“Ruben has been injured,” said Pep Guardiola, pale and with a hoarse voice. This Friday, like every week since August, the ritual was repeated. The podium in Manchester City’s conference room begins to resemble a sacrificial altar each time the Spanish coach settles into his chair to assess the situation. A new accident each time contributes to accelerating the calamitous spiral that for 40 days has dragged the team through a dark streak: 11 games, one victory, two draws and eight defeats. Something unusual considering that City suffered seven defeats in 59 games in all competitions last season, on their way to lifting the fourth consecutive Premier, a record that no team had previously achieved. Reason for despair for Guardiola, who last Sunday—after wasting a 1-0 lead in the final minutes of the derby with United—was on the verge of declaring himself incompetent and resigning in public. “I’m not good enough to solve this problem…” he said. “Any other coach would have been fired by now.”

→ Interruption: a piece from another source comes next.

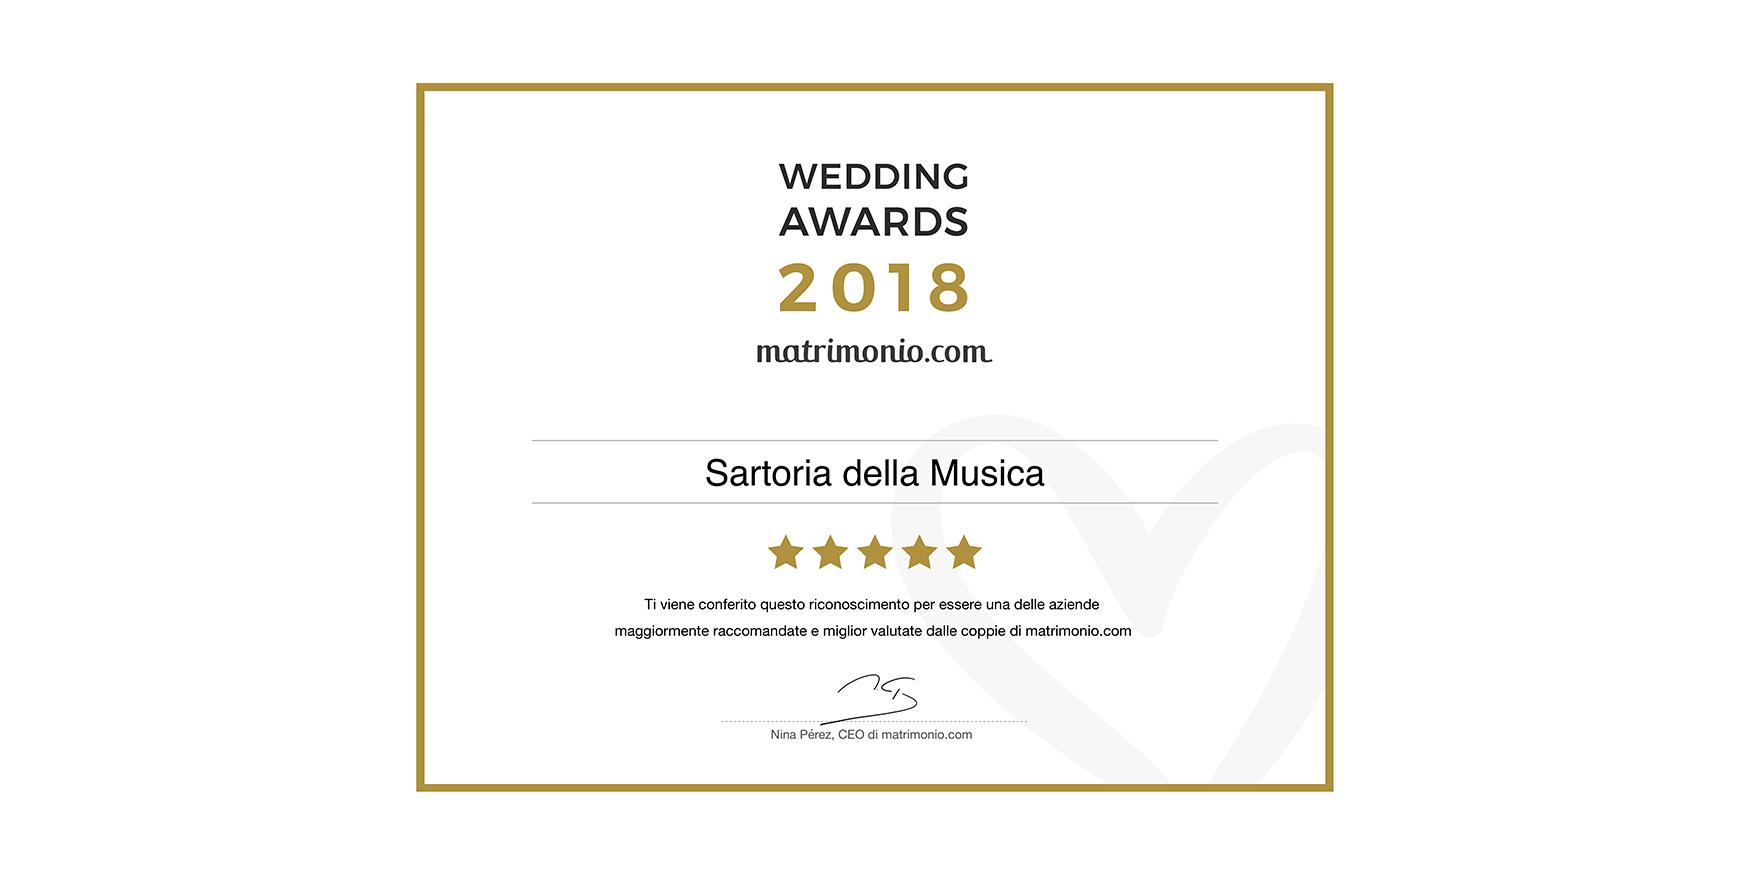 WEDDING AWARDS 2018

Temperamental by nature, at 53 years old, Guardiola has not been afraid to show his emotions or his defects, and on occasions his feelings have gotten out of control in the form of self-flagellation, even though a large part of the defeats suffered were due to accidents, distractions clamorous of their defenses or small specific imbalances. Against United, Juventus and Feyenoord, City created more chances, had more shots on goal and controlled the ball better than their opponents. In fact, City’s play has shown remarkable consistency despite being exposed to the consequences of two powerful overlapping destabilizing factors: a plague of injuries in an impoverished squad after a series of three clearly selling summer markets.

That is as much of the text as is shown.